Problem to solve
The data is to be repeated exactly, with the images removed.
[Data segment — start]
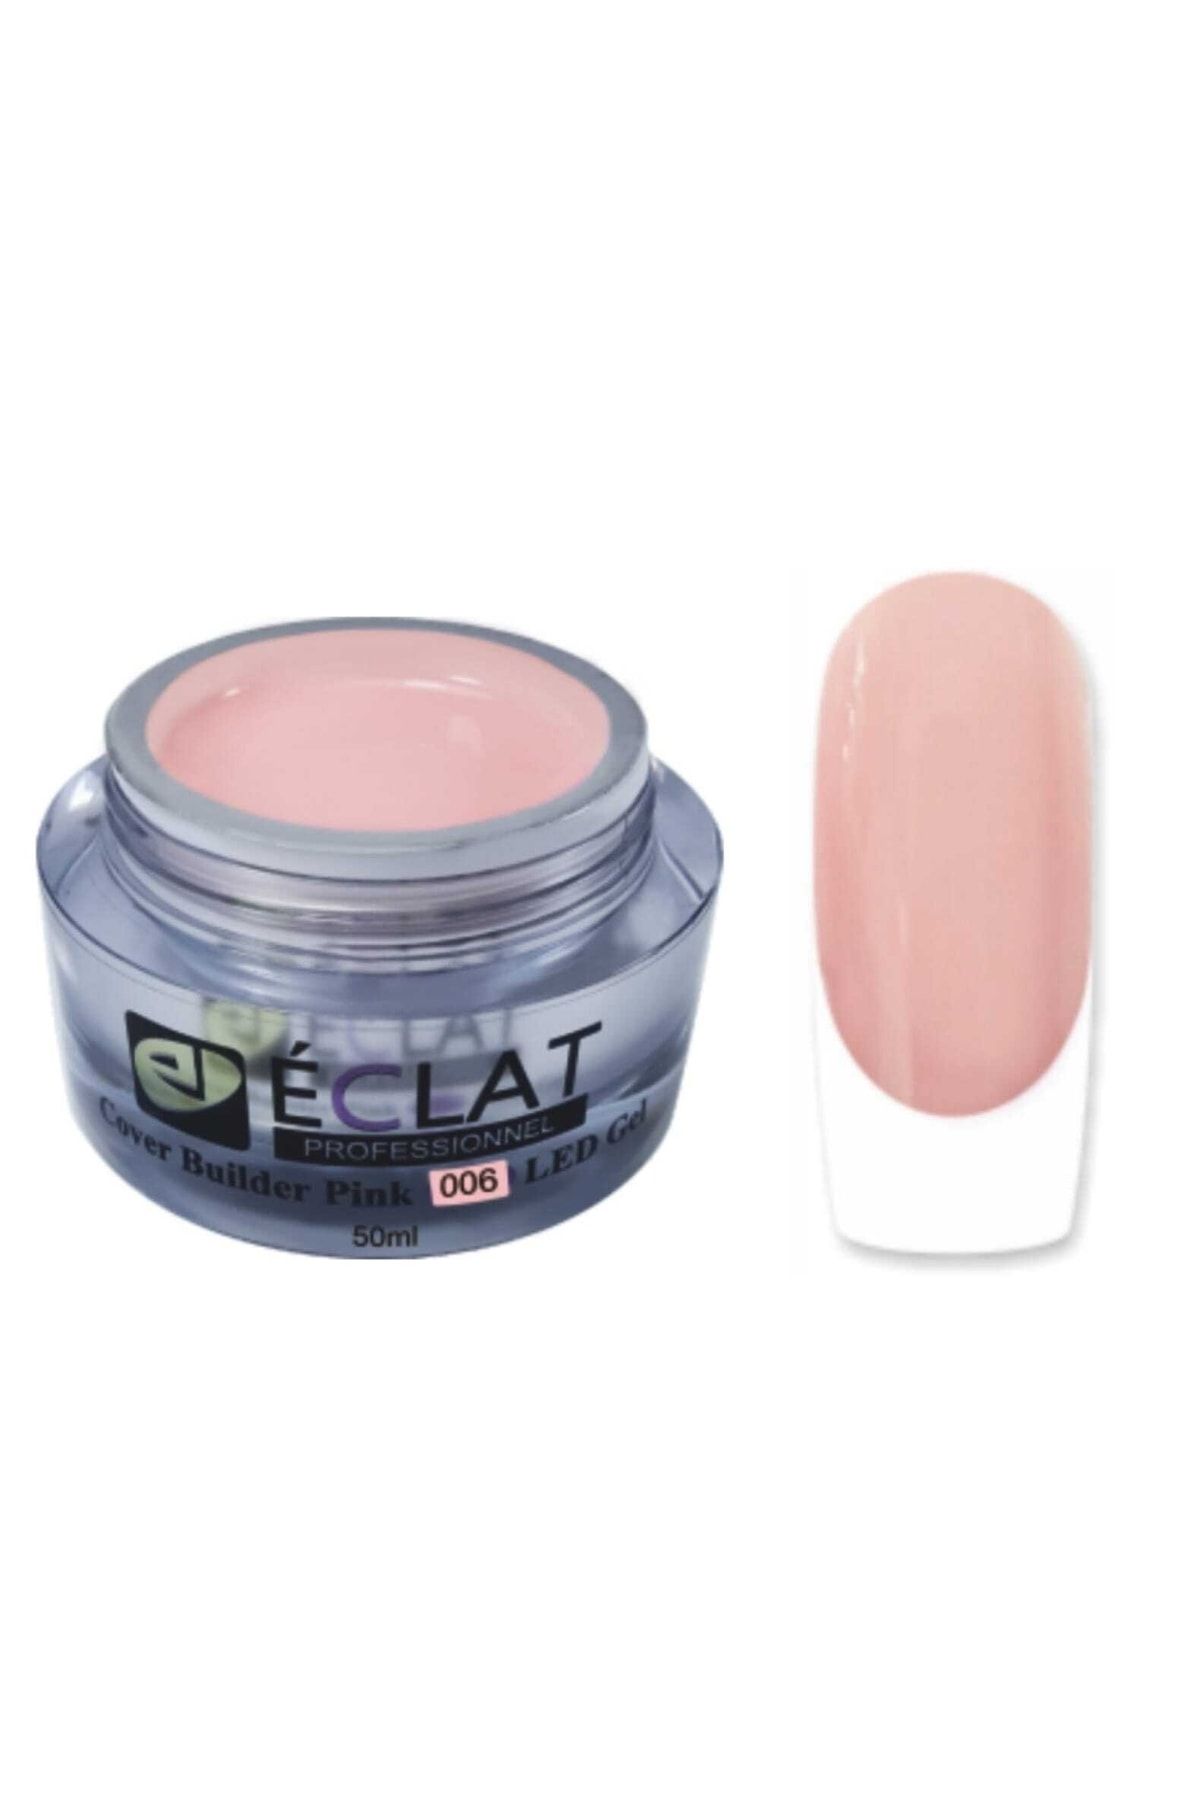 ECLAT Super Strong Cover Camouflage Pink No: 006s Builder Jel (50ml)
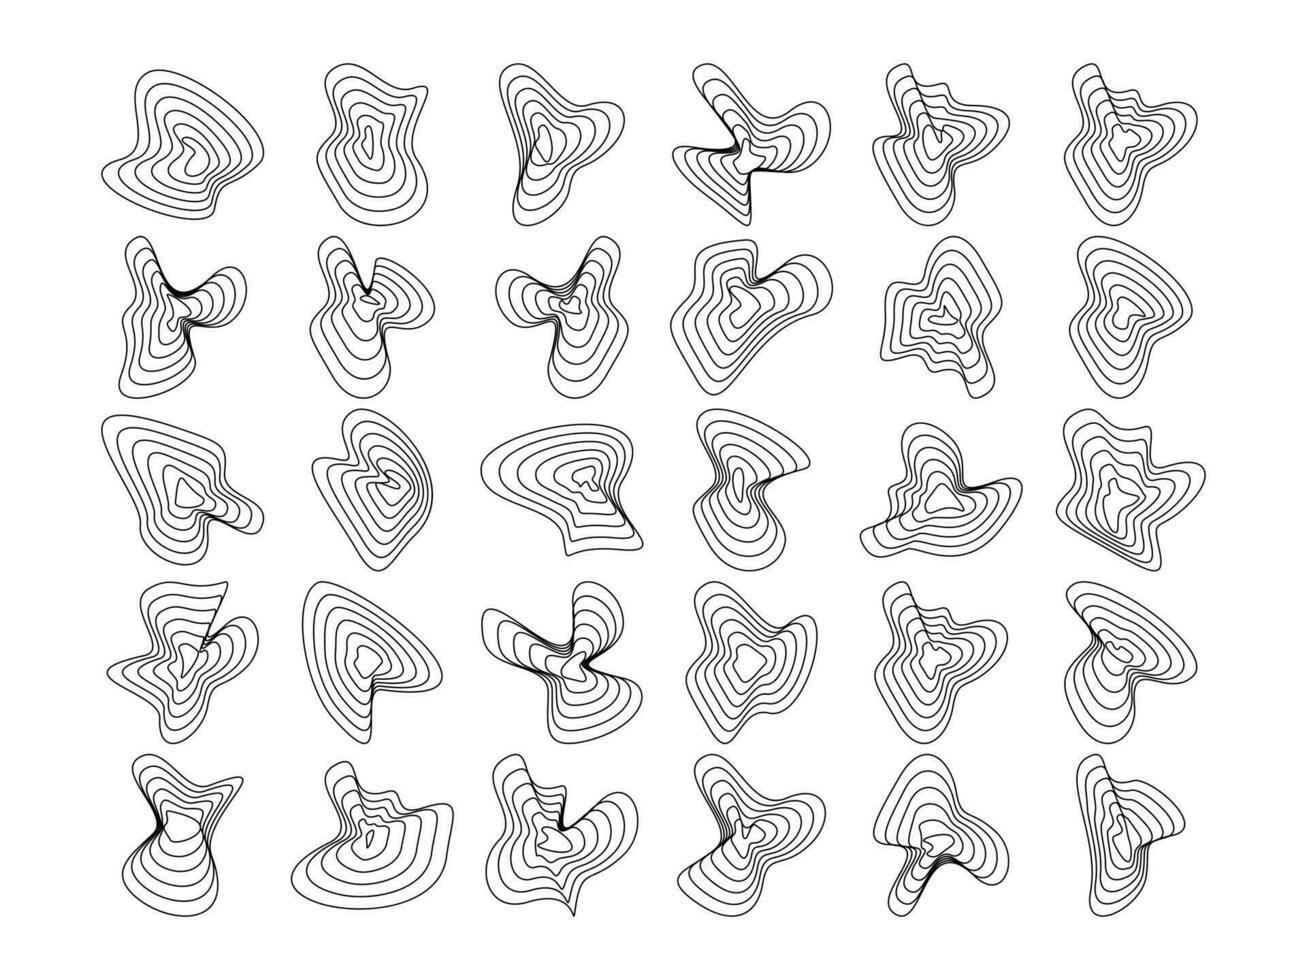 Wavy Abstract Concentric Line Art Collection vector
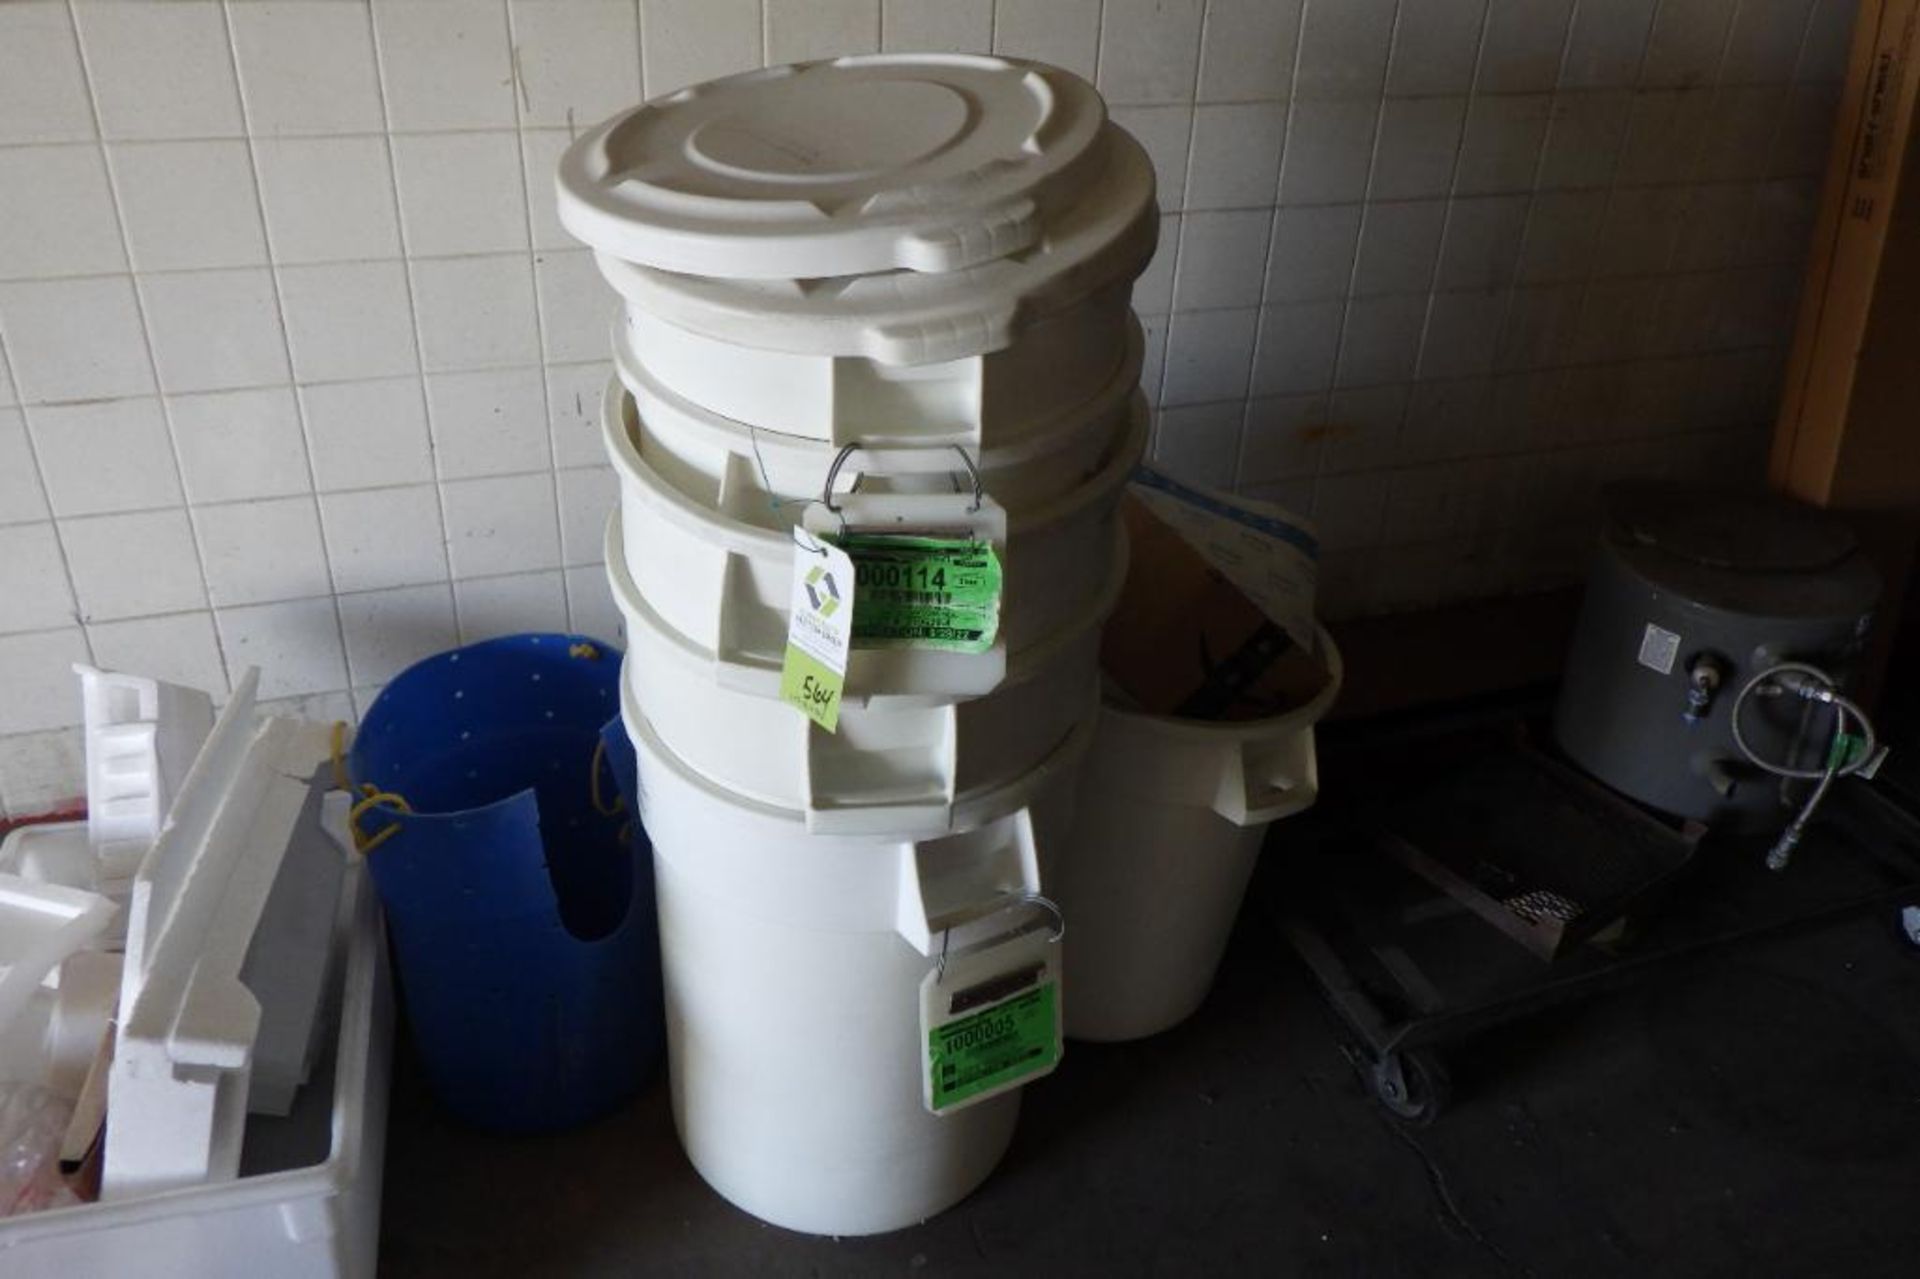 Lot of assorted Rubbermaid trash bins and lids
[Data segment — finish]
The answer
 ECLAT Super Strong Cover Camouflage Pink No: 006s Builder Jel (50ml)
 Wavy Abstract Concentric Line Art Collection vector
 Lot of assorted Rubbermaid trash bins and lids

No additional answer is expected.